Get active - at work! Post 4: #WorkLifeBalance blog series
As I mentioned in my previous blog post, I love participating in sport, even more than I love watching it – which is a lot! From a young age, I watched my parents play tennis, basketball, and volleyball and I tried my best to emulate their behavior. My father played basketball at the national level and my mother was her club’s tennis champion multiple times, so I had high aspirations of a sporting career when I was a pre-teen.
Yet, here I am, sitting at my desk, finishing another long day at the office, looking at my empty trophy cabinet.
When I started my first office job, I was still going to the gym five nights a week, but after I moved countries, that stopped very abruptly.
Did I mention the McDonald’s within walking distance of my apartment? Unfortunately, I have to admit – I didn’t always walk there. Within the first year I set a new, dubious record… on the scale.
While my dreams of being a paid athlete didn’t work out, I have continued to play sport socially. I slowly grew my social group, joined the gym and picked up on the sport I love most, beach volleyball.

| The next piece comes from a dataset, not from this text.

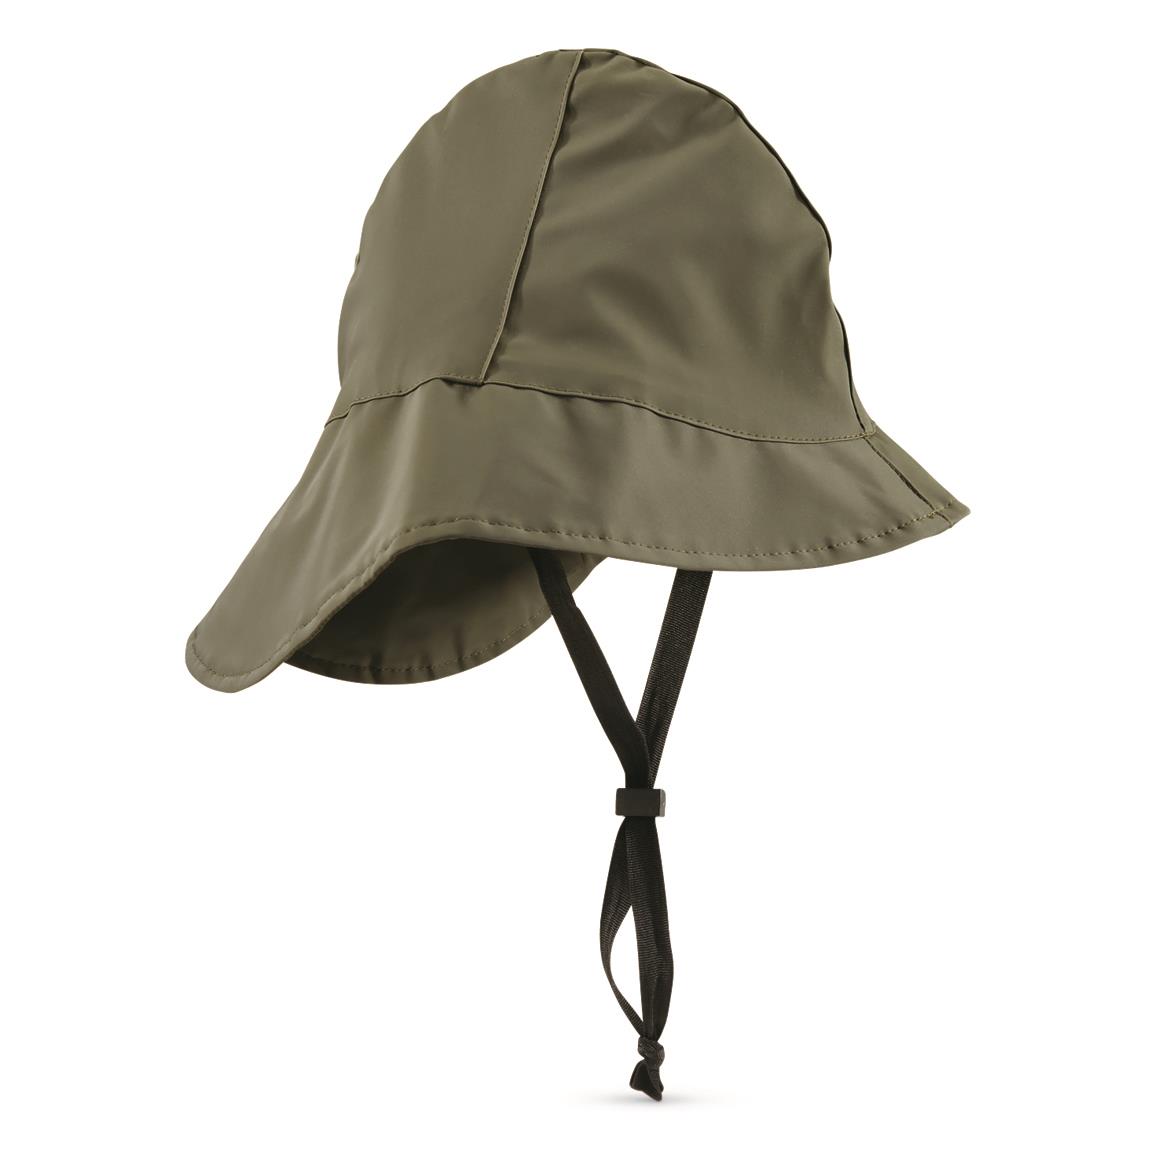 Swedish Military Sou'wester Rain Hat, Reproduction, Olive Drab
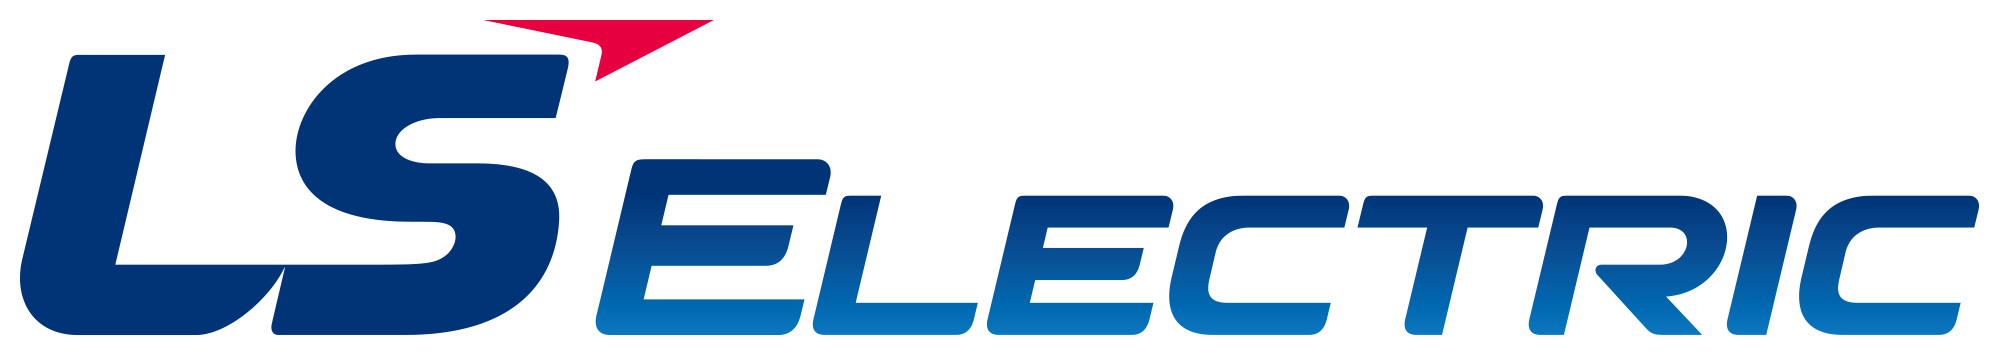 LS ELECTRIC | Электронные компоненты. Дистрибьютор и магазин онлайн -  Transfer Multisort Elektronik

It’s the perfect sport in Florida, as we have summer all year round. The combination of competition, being outside and making new friends, appealed to me.
Since then I’ve been extremely active and while I’m not quite back to my 18 year old weight, I have a respectable “dad bod” and can run 5km without feeling like dying.
Unfortunately, as you get older, it’s still not enough…
Whether you work from home or in an office, sitting on a chair for 8 or more hours a day means that you’re still mostly sedentary. This increases the risk for heart disease, obesity, diabetes, and a host of stress related conditions.
We are simply not designed to be sitting for long periods, so, while adding more exercise outside of working hours is good, it isn’t the solution in this instance. We have to break out of the ‘sitting’ cycle more frequently.
How to accomplish this:
- Take a real lunch break and if you’re going out, try to walk to grab your food (further than the fridge). Don’t eat at your desk, use that time to get away.
- Get up and take a short walk at least every hour. If it’s just around the office,or up and down the road. Five minutes here and there helps.
- Stand up while on conference calls, where you’re not presenting or don’t need to be at the computer. Use your phone and pace around.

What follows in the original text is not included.